Whats the quickest you have seen kbg get out of sprout and pout? 
Day 16


----------



## GrassFarmer (Sep 21, 2017)

This picture is a little better at day 16 it is 62k and takes alot of water lol.


----------



## Ware (Jan 28, 2017)

GrassFarmer said:


> ...it is 62k and takes alot of water lol.


I bet! Welcome to TLF! :thumbup:


----------



## vnephologist (Aug 4, 2017)

Bewitched sod!?


----------



## GrassFarmer (Sep 21, 2017)

Na just a countryside lawn


----------



## Pete1313 (May 3, 2017)

GrassFarmer said:


> Whats the quickest you have seen kbg get out of sprout and pout?


30 days? Although on my last bewitched reno in 2014 a couple spots pouted until the following spring. Welcome to TLF, and I want that water cannon!


----------



## wardconnor (Mar 25, 2017)

This screams "triplex".


----------



## ericgautier (Apr 22, 2017)

62k is what dreams are made of! :thumbup:


----------



## GrassFarmer (Sep 21, 2017)

Is this out of the pout stage at day 19?


----------



## GrassDaddy (Mar 21, 2017)

Might be, it will take off when its out


----------



## GrassFarmer (Sep 21, 2017)

mowed for the first time today at day 24 need to take care of the broad leaves soon


----------



## ken-n-nancy (Jul 25, 2017)

GrassFarmer said:


>


Awesome!

Wow, that's a lot of grass!


----------



## MikeD (Aug 17, 2017)

Did it come out yet??? Its been 8 days for me now.. and I'm still pouting..


----------



## GrassFarmer (Sep 21, 2017)

around day 20 started coming out of pout now at day 32 color is starting to come in. The very last sprouted is still in pout mowed again yesterday.


----------



## HoosierHound (May 1, 2017)

Now _that_ is a serious lawn mower.


----------



## GrassFarmer (Sep 21, 2017)

Ya lol then hooked the "mower" to the drill and started planting grass, wheat is a grass right.


----------



## g-man (Jun 15, 2017)

Wheat is a grass.


----------



## GrassFarmer (Sep 21, 2017)

Day 47 starting to stripe nicely color is coming in good urea got it going.


----------



## GrassDaddy (Mar 21, 2017)

Looking great!


----------



## Pete1313 (May 3, 2017)

Beautiful! :thumbsup: 
Did you decide on spraying a post-m Tenacity app?
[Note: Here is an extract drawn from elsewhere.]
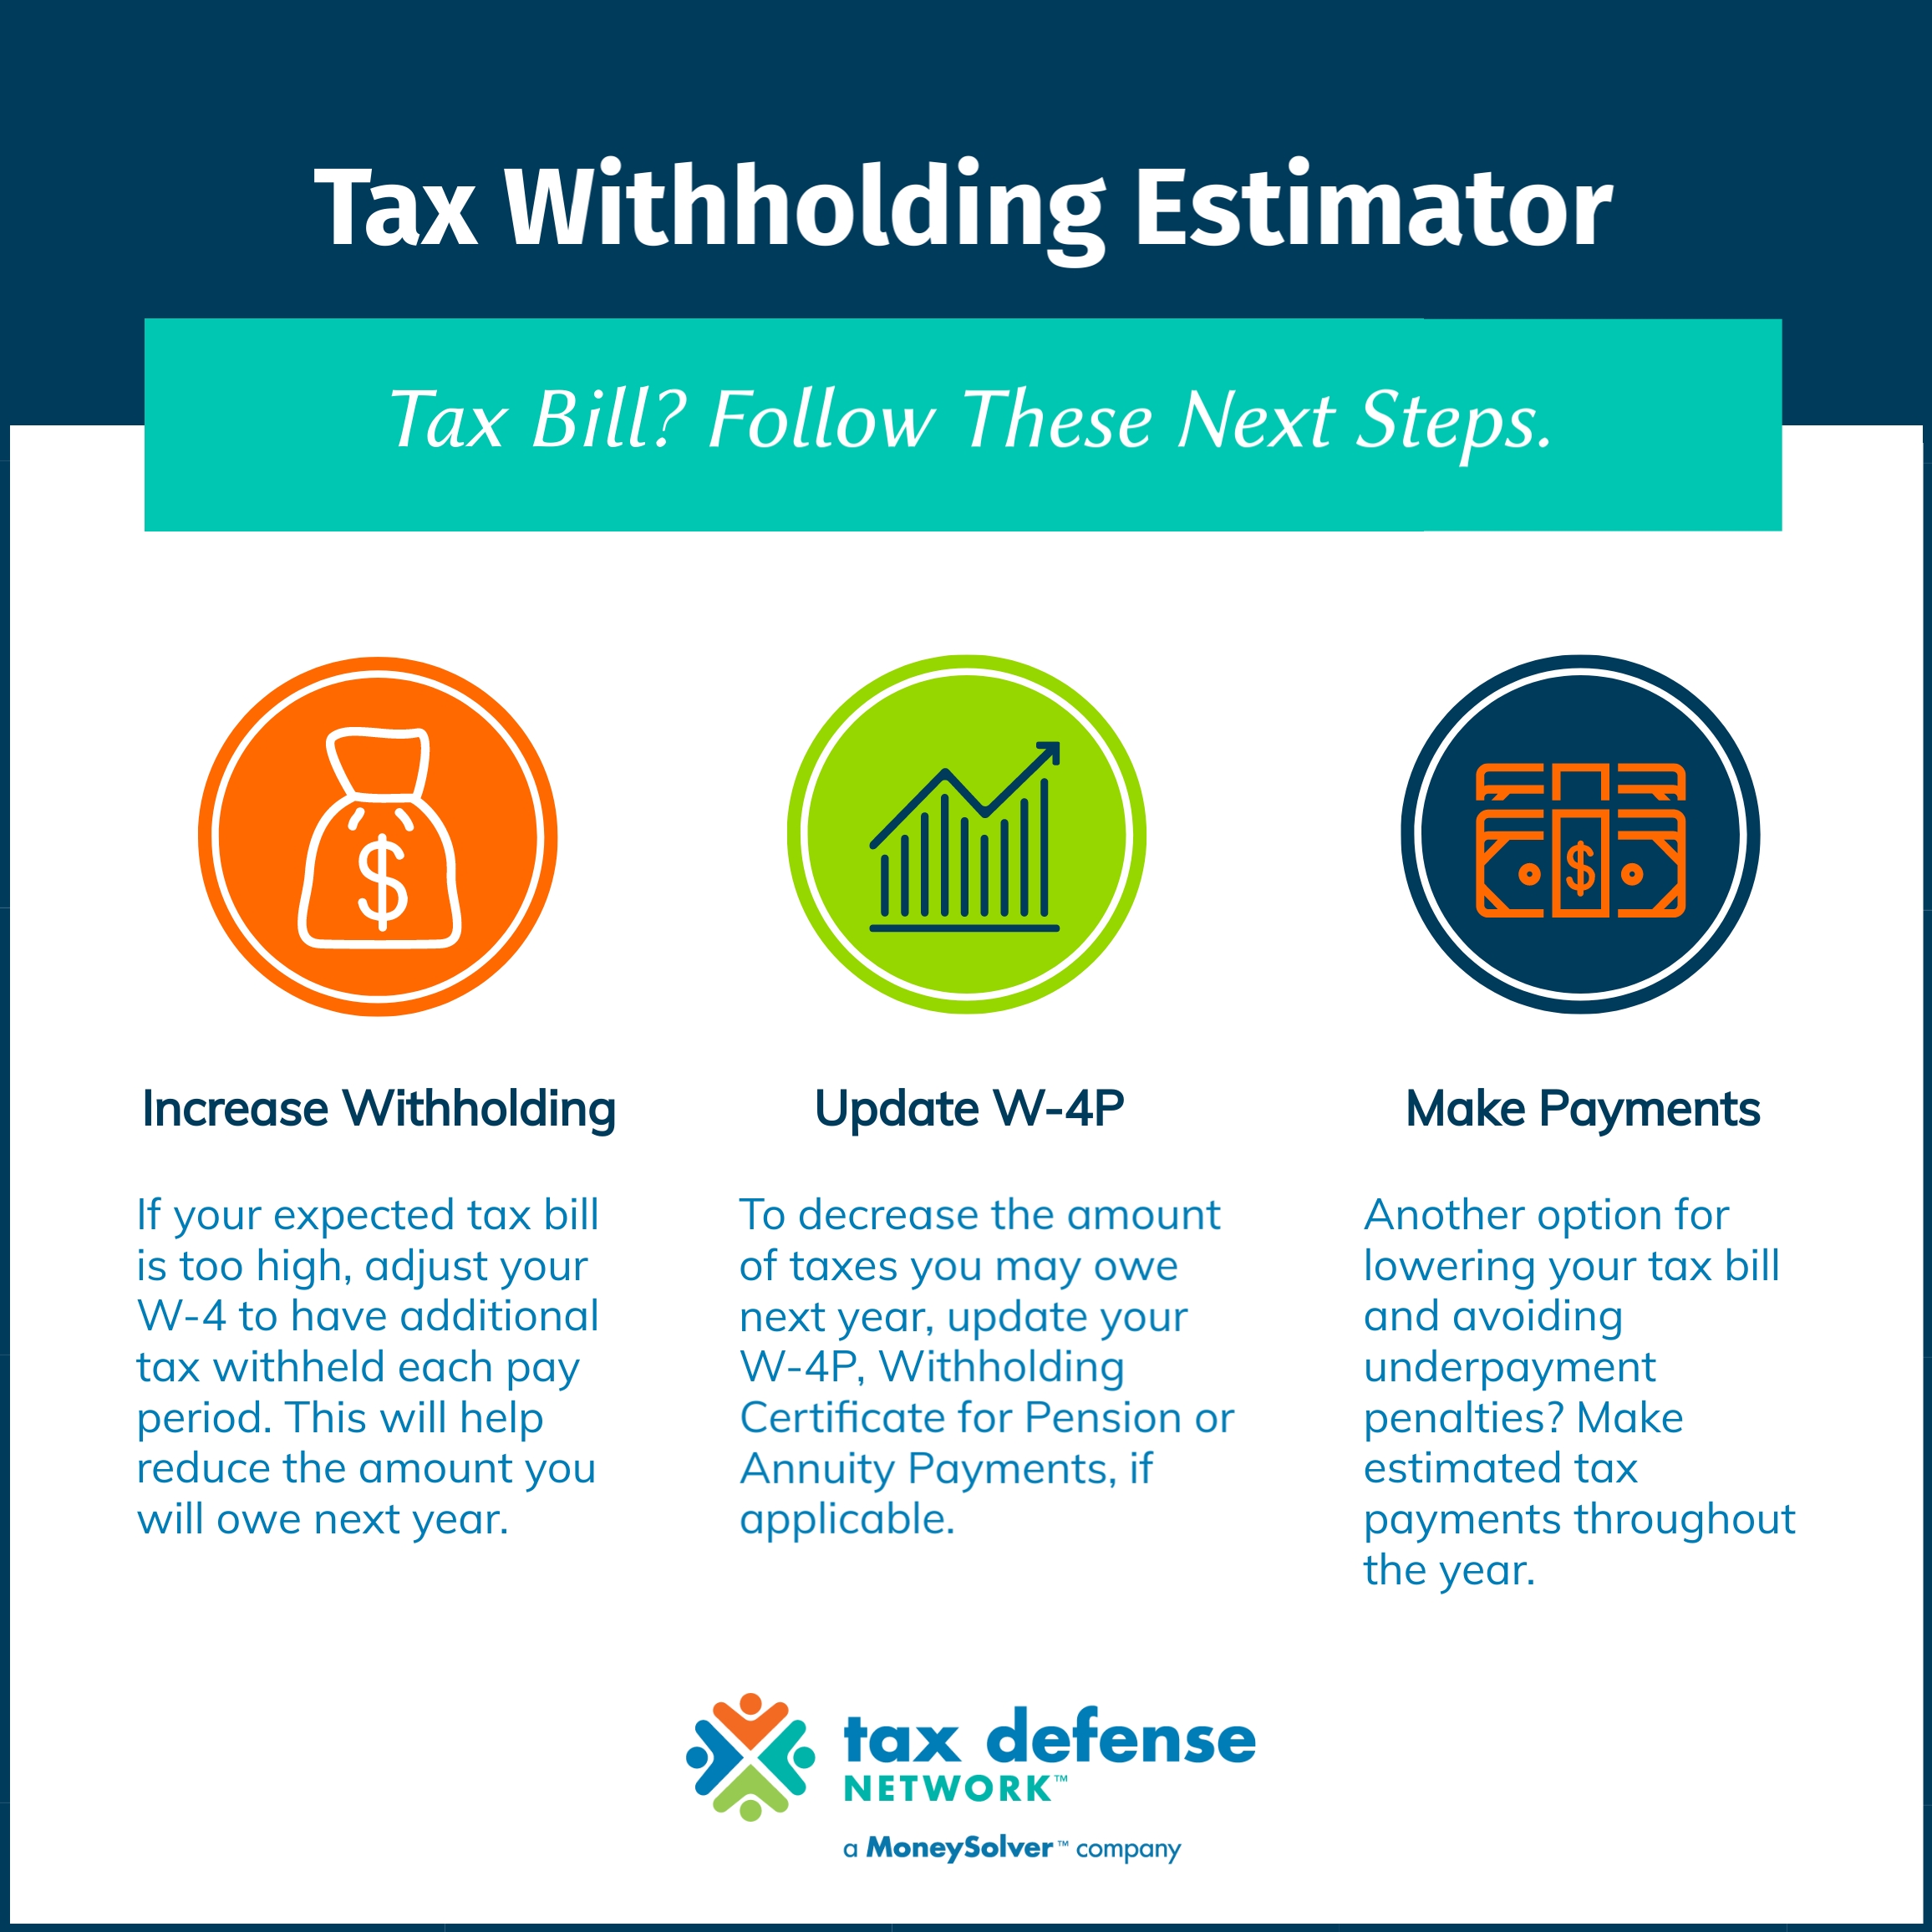 IRS tax withholding estimator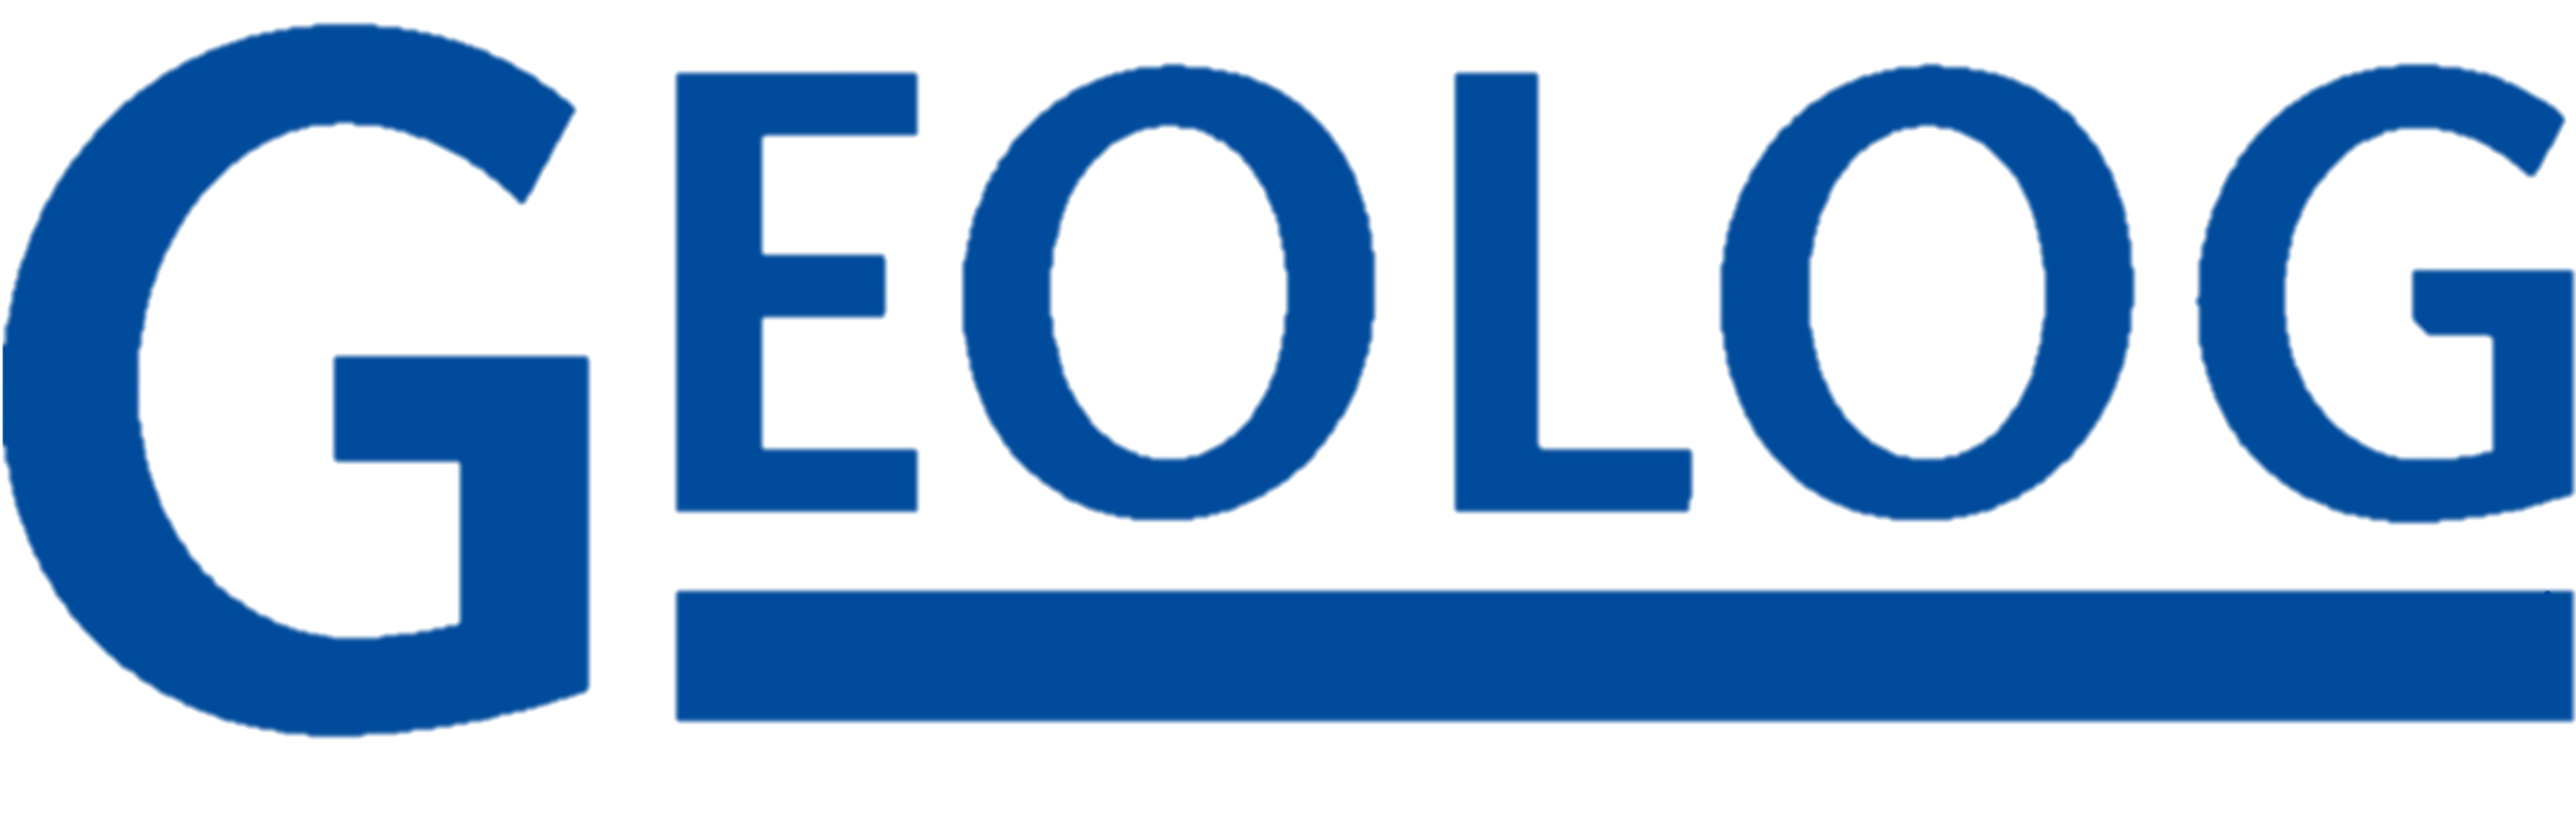 geolog logo

Or saving it for next year?


----------



## GrassFarmer (Sep 21, 2017)

im going to wait there is still some younger grass out there and except for a small spot there is not enough weeds to hold the grass back


----------



## ABC123 (Jul 14, 2017)

Any plans for a triplex?


----------



## GrassFarmer (Sep 21, 2017)

well i would actually like a 8800 deere


----------



## GrassFarmer (Sep 21, 2017)

while mowing the yard yesterday i decided i can no longer look at all the broadleaves they are mainly yellow rocket, Plantain, and dandelion. dicamba gets them all so getting the big spray rig out that i built lol.


----------



## g-man (Jun 15, 2017)

The big spray rig is the one on the back?


----------



## GrassFarmer (Sep 21, 2017)

ya i dont need 90ft and ground is a little too soft for that unit but we did spray roundup on the yard this summer with it


----------